CMAKE_DEFS="${COMMON_CMAKE_DEFS} ${CMAKE_DEFS} -DLLAMA_HIPBLAS=on -DLLAMA_HIP_UMA=ON -DCMAKE_C_COMPILER=$ROCM_PATH/llvm/bin/clang -DCMAKE_CXX_COMPILER=$ROCM_PATH/llvm/bin/clang++ -DAMDGPU_TARGETS=$(amdGPUs) -DGPU_TARGETS=$(amdGPUs)"

now its stuck here

llm_load_tensors: offloading 22 repeating layers to GPU
llm_load_tensors: offloading non-repeating layers to GPU
llm_load_tensors: offloaded 23/23 layers to GPU
llm_load_tensors:      ROCm0 buffer size =   809.59 MiB
llm_load_tensors:        CPU buffer size =    51.27 MiB
...............................................................................
llama_new_context_with_model: n_ctx      = 2048
llama_new_context_with_model: freq_base  = 10000.0
llama_new_context_with_model: freq_scale = 1
llama_kv_cache_init:      ROCm0 KV buffer size =    44.00 MiB
llama_new_context_with_model: KV self size  =   44.00 MiB, K (f16):   22.00 MiB, V (f16):   22.00 MiB
llama_new_context_with_model:  ROCm_Host input buffer size   =     9.02 MiB
llama_new_context_with_model:      ROCm0 compute buffer size =   148.01 MiB
llama_new_context_with_model:  ROCm_Host compute buffer size =     4.00 MiB
llama_new_context_with_model: graph splits (measure): 3
[1708857011] warming up the model with an empty run

@robertvazan
Copy link

iGPUs indeed do allocate system RAM on demand. It's called GTT/GART. Here's what I get when I run sudo dmesg | grep "M of" on my system with 32GB RAM:

If I set VRAM to Auto in BIOS:

[    4.654736] [drm] amdgpu: 512M of VRAM memory ready
[    4.654737] [drm] amdgpu: 15688M of GTT memory ready.
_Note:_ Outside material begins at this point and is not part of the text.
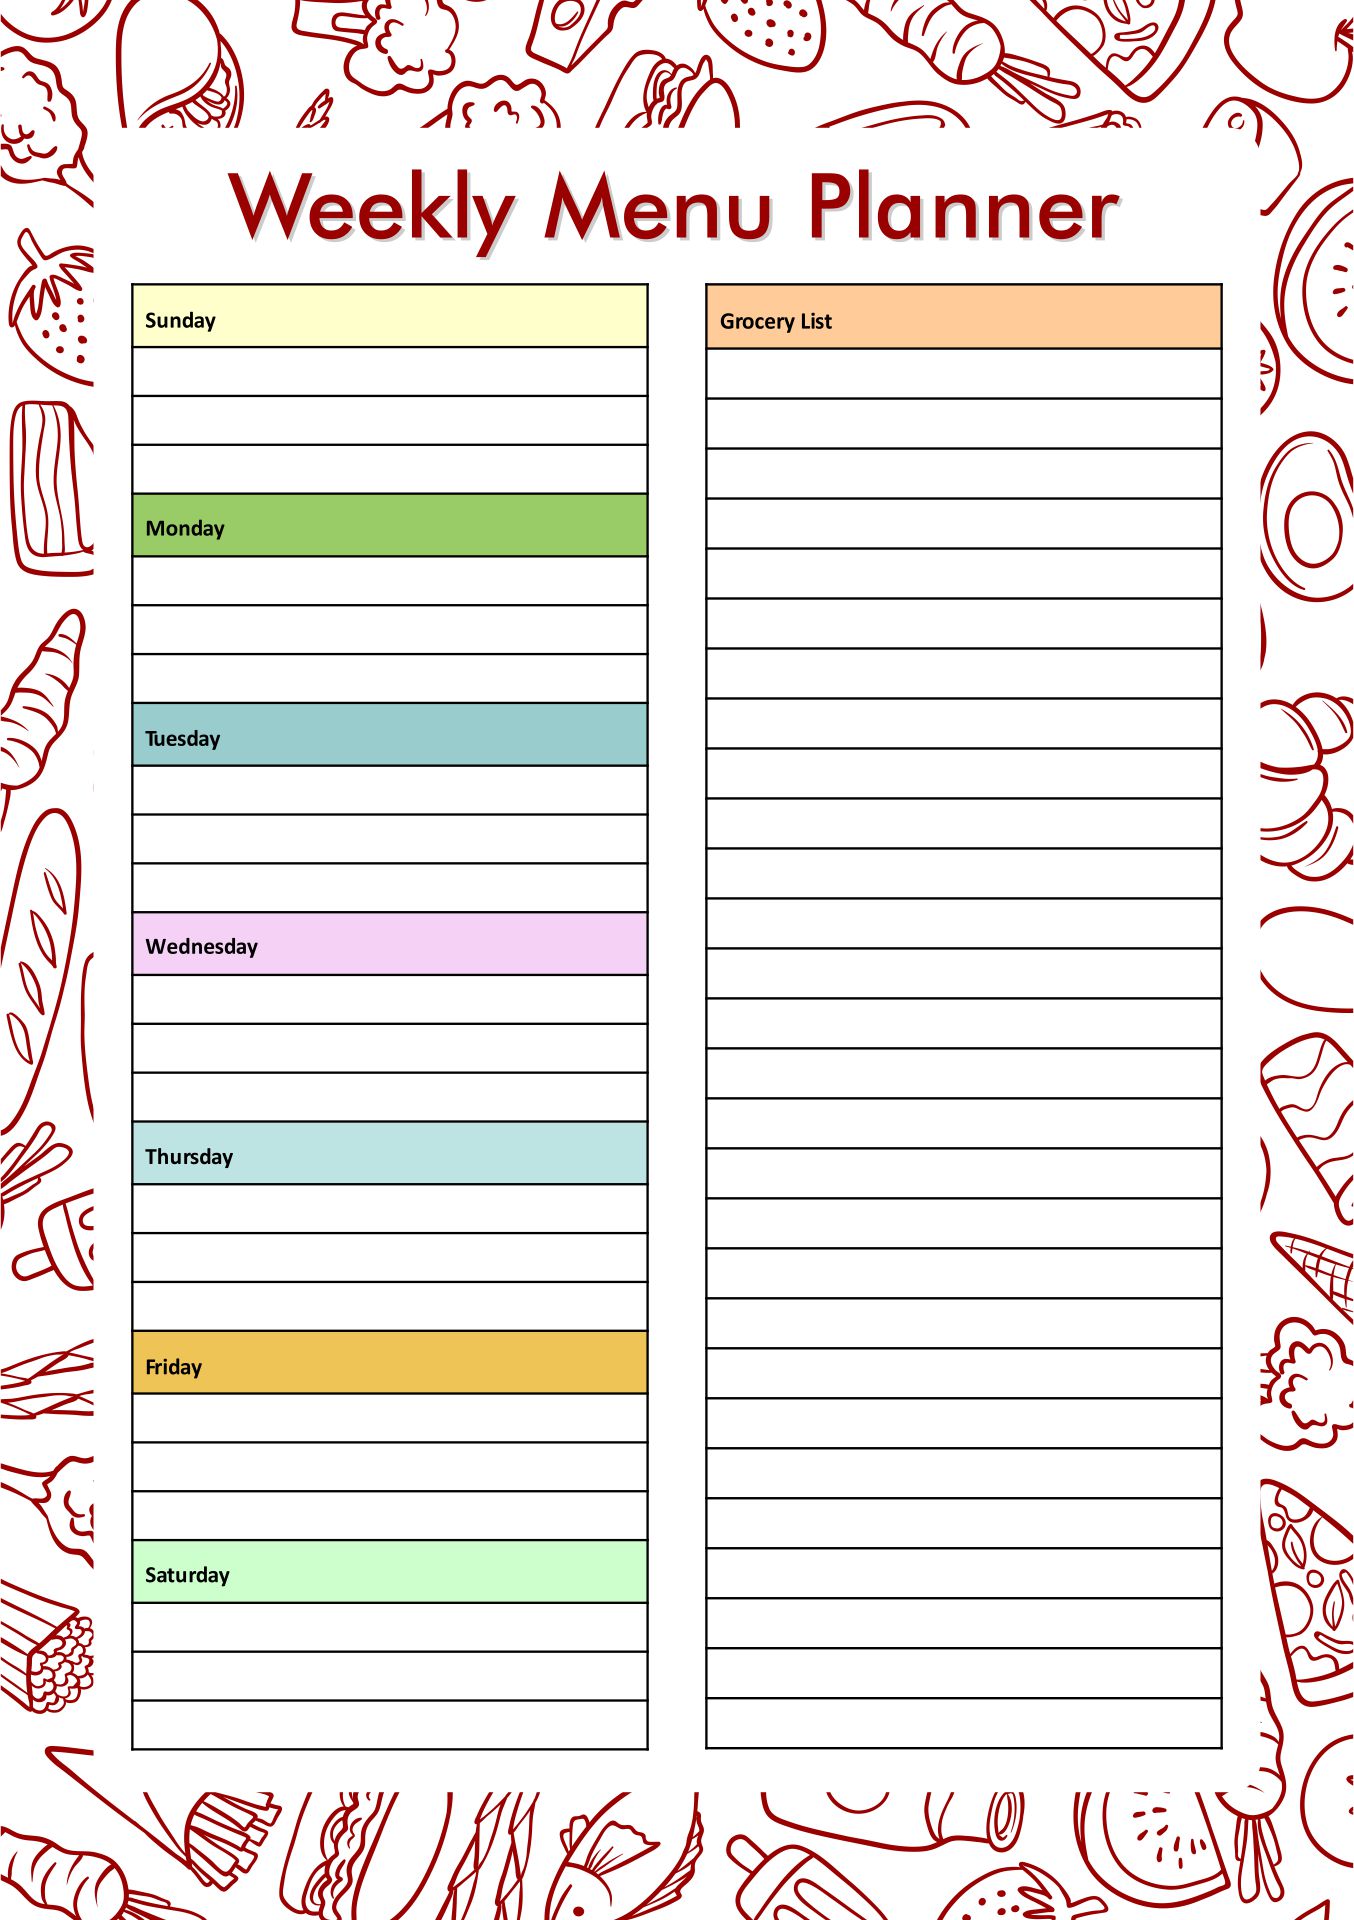 weekly-meal-planner-template-printable-fresh-weekly-meal-planner-template-with-grocery-list

If I set VRAM to 8GB in BIOS:

[    4.670921] [drm] amdgpu: 8192M of VRAM memory ready
[    4.670923] [drm] amdgpu: 11908M of GTT memory ready.

If I set VRAM to 16GB in BIOS:

[    4.600060] [drm] amdgpu: 16384M of VRAM memory ready
[    4.600062] [drm] amdgpu: 7888M of GTT memory ready.

It looks like GTT size is 0.5*(RAM-VRAM). I wonder how far can this go if you have 64GB or 96GB RAM. Can you have iGPU with 32GB or 48GB of GTT memory? That would make $200 APU with $200 DDR5 RAM superior to $2,000 dGPU for running Mixtral and future sparse models. I also wonder whether any BIOS offers 32GB VRAM setting if you have 64GB of RAM.

Unfortunately, ROCm does not use GTT. That thread mentions several workarounds (torch-apu-helper, force-host-alloction-APU, Rusticl, unlock VRAM allocation), but I am not sure whether Ollama would be able to use any of them. Chances are highest in docker container where Ollama has greatest control over dependencies.

@DocMAX
Copy link
Author

DocMAX commented Feb 25, 2024

Very cool findings. Interesting you mention 96GB. I did a research and it seems thats the max. we can buy right now for SO-DIMMS. Wasn't aware it's called GTT. Let's hope someday we get support for this.
If host can't handle GTT for ROCm, then i doubt docker can't do anything about it.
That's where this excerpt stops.